International Commission for Protection against Environmental Mutagens and Carcinogens. ICPEMC Working Paper No. 15/2. Metabolism and metabolic effects of ethanol, including interaction with drugs, carcinogens and nutrition

Different pathways of alcohol metabolism, the alcohol dehydrogenase pathway, the microsomal ethanol-oxidizing system and the catalase pathway are discussed. Alcohol consumption leads to accelerated ethanol metabolism by different mechanisms including an increased microsomal function. Microsomal induction leads to interactions of ethanol with drugs, hepatotoxic agents, steroids, vitamins and to an increased activation of mutagens/carcinogens. A number of ethanol-related complications may be explained by the production of its first metabolite, acetaldehyde, such as alterations of mitochondria, increased lipid peroxidation and microtubular alterations with its adverse effects on various cellular activities, including disturbances of cell division. Nutritional factors in alcoholics such as malnutrition are discussed especially with respect to its possible relation to cancer.     

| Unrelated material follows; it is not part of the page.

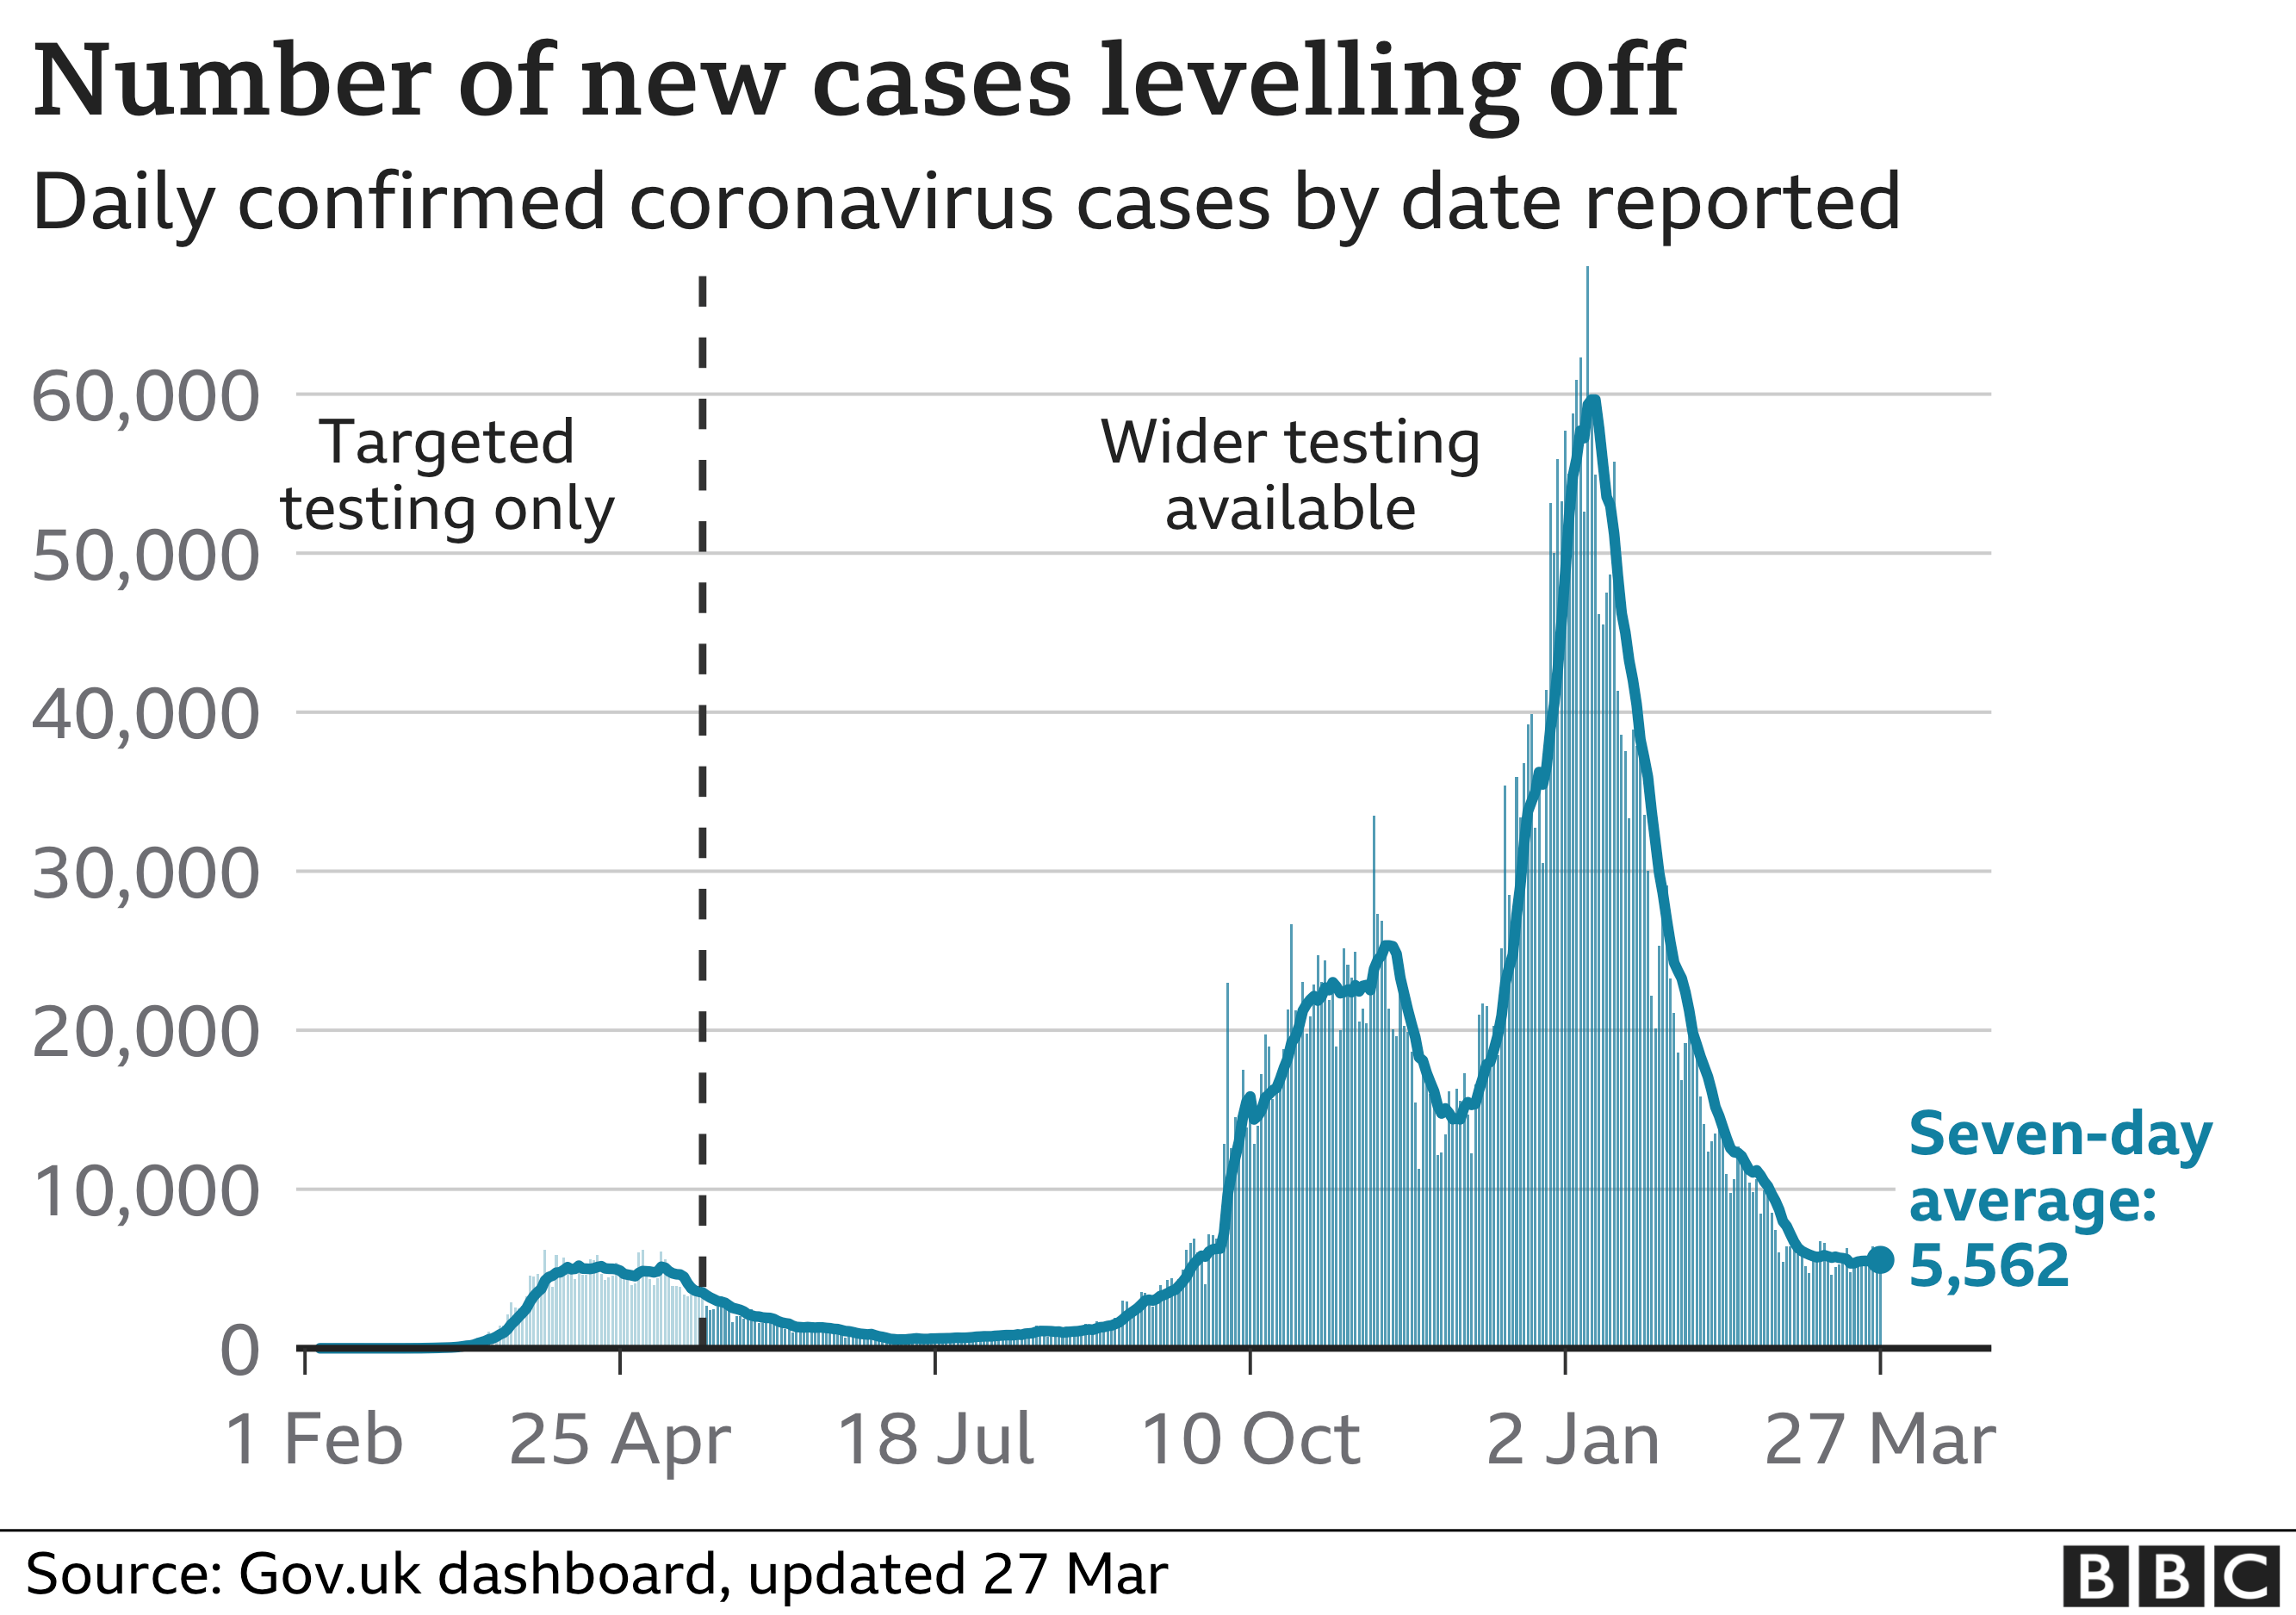 A graph showing the number of new cases in the UK

International Commission for Protection against Environmental Mutagens and Carcinogens. ICPEMC Working Paper No. 15/7. Reproductive consequences of alcohol abuse: males and females compared and contrasted

The adverse effects of ethyl alcohol on the hypothalamic pituitary gonadal axes of men and women are discussed with particular attention being given to effects of alcohol upon reproduction. Data obtained from acute and chronic alcohol exposure studies are presented. The putative pathophysiologic mechanisms responsible for disturbed reproductive performances in alcohol abusing individuals are discussed where sufficient data are available.     

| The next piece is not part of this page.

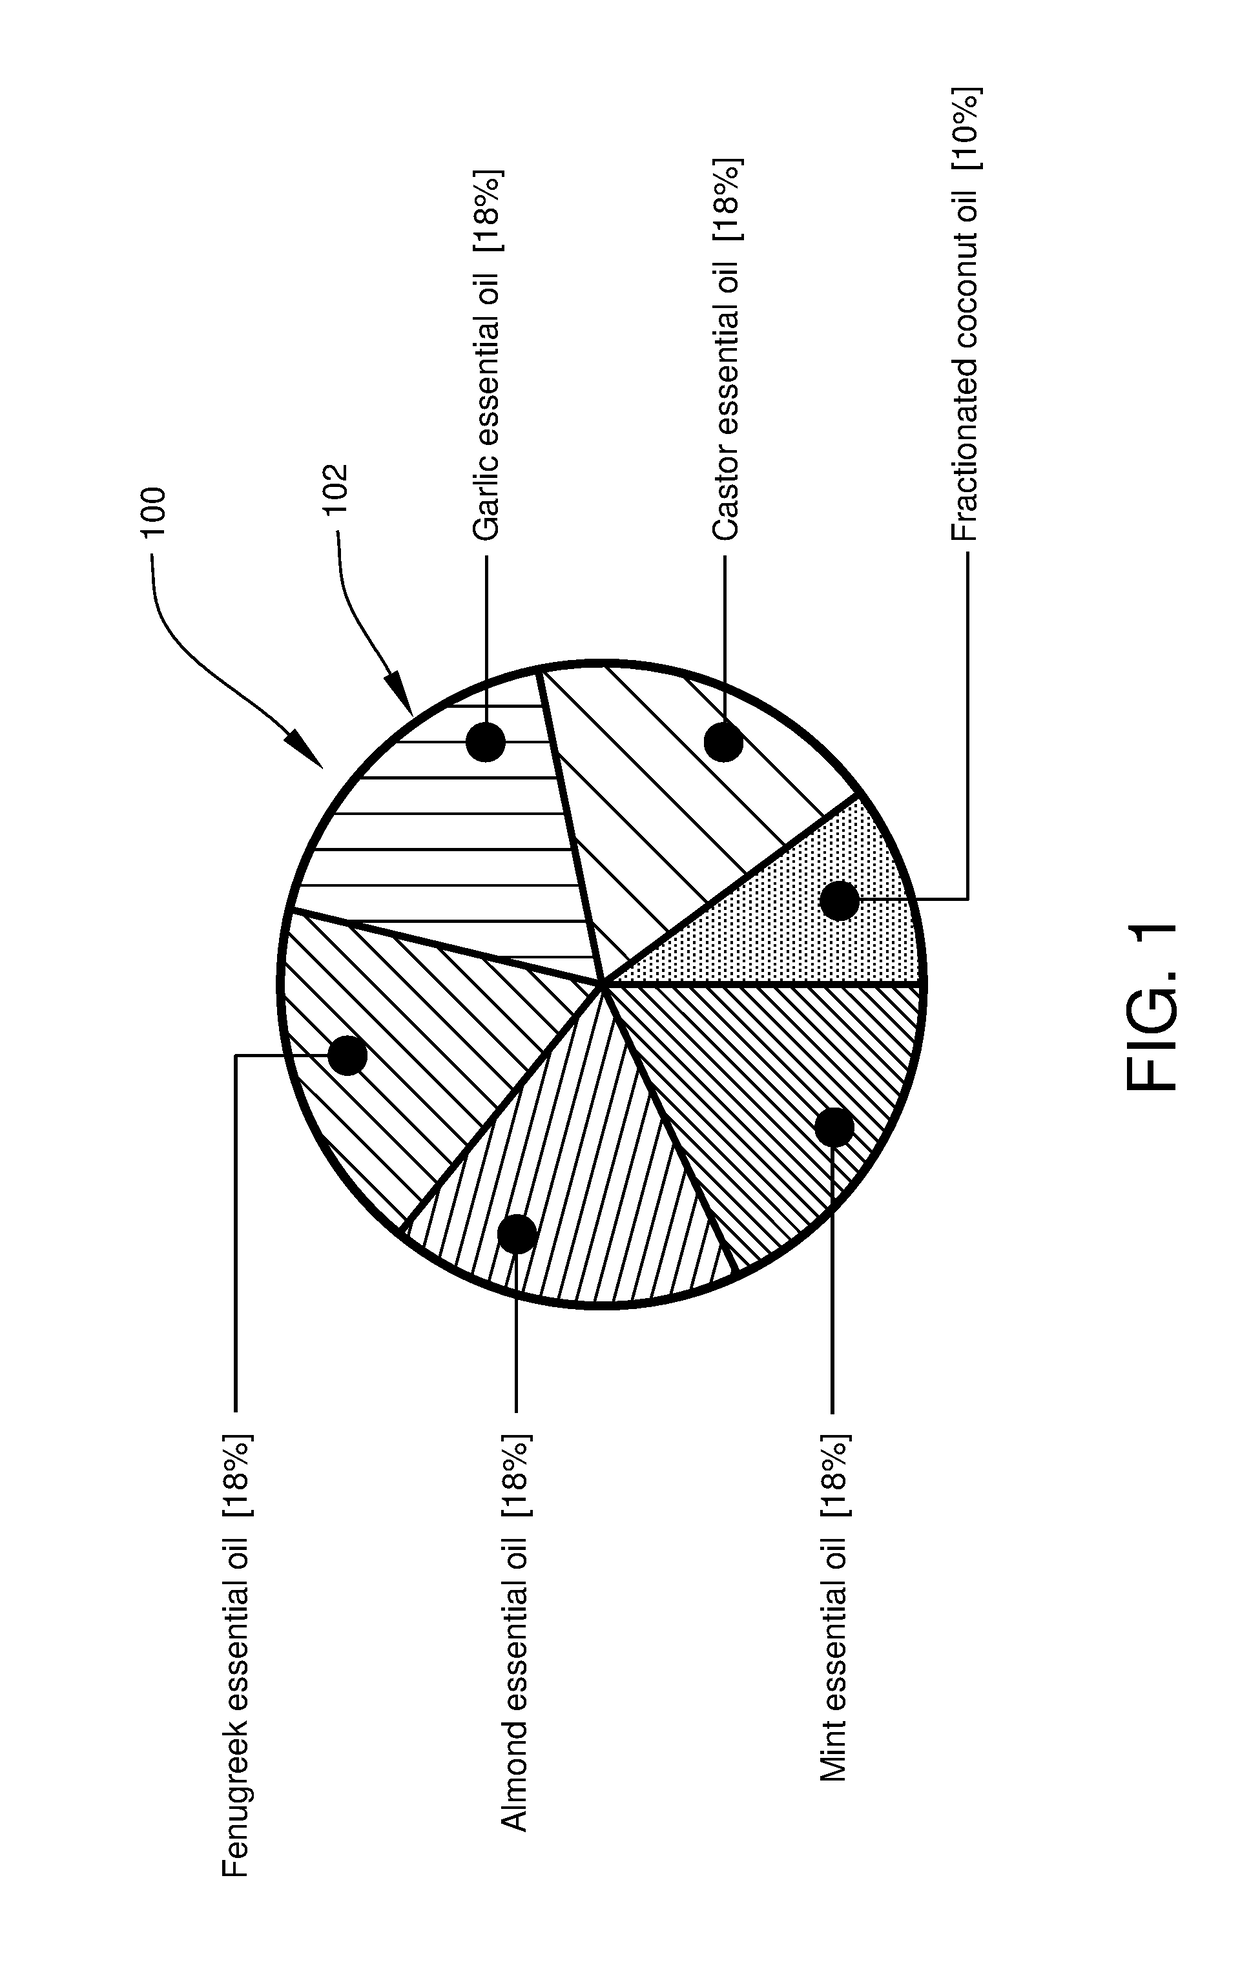 Therapeutic compositions and uses thereof for alleviating pain systems

International Commission for Protection against Environmental Mutagens and Carcinogens. ICPEMC Working Paper 5/6. Perspectives in mutation epidemiology, 6. A 1983 view of sentinel phenotypes

A sentinel phenotype is a clinical disorder or syndrome that (1) occurs sporadically as a consequence of a single, highly penetrant mutant gene, (2) is a dominant or X-linked trait of considerable frequency and low fitness, and (3) is uniformly expressed and accurately diagnosable with minimal effort at or near birth. Although 1828 autosomal dominant traits are known in human beings, 36 can be considered as candidate sentinel phenotypes, along with 5 X-linked disorders. Based on surveys of malformations in infants and children, 16 additional traits are proposed beyond previous lists. In Hungary, the 24 syndromes or defects with reliable manifestations in newborn infants occur with a frequency of 2.5-3.3 per 10 000 live births. As markers of human mutations, sentinel phenotypes have the advantage of representing germinal mutations that result in significant health problems. There are severe disadvantages that have, to date, prevented the launching of a field demonstration of the value of these phenotypes in mutation epidemiology. Agreement on a list of phenotypes has been delayed by continued recognition of two or more distinct genetic diseases within what was once thought to be a single disorder. For the same reason, most of the candidate sentinel phenotypes have not been assigned unique codes in the International Classification of Diseases. Each of the disorders is so rare and has features that overlap with so many other syndromes that highly trained clinical dysmorphologist and pediatric ophthalmologists would have to be engaged in any study. The sentinel phenotype approach, like other strategies in mutation epidemiology, would encounter problems with linkage among files of data, privacy, and access to sufficiently large populations. In contrast with the approach using multiple protein variants (as in the study of blood from offspring of survivors of the atomic bombs in Hiroshima and Nagasaki), the sentinel phenotype approach would likely be much less expensive and would encounter far fewer false attributions of paternity, but also would require a much larger study population. The best option for the present, in our opinion, is to broaden and sustain critical discussion of the approach. Perhaps the goal should be to plan a field demonstration by involving appropriate clinicians, epidemiologists, and public health officials. A pilot effort underway in Hungary may well give insight to applying the approach in a significantly larger population.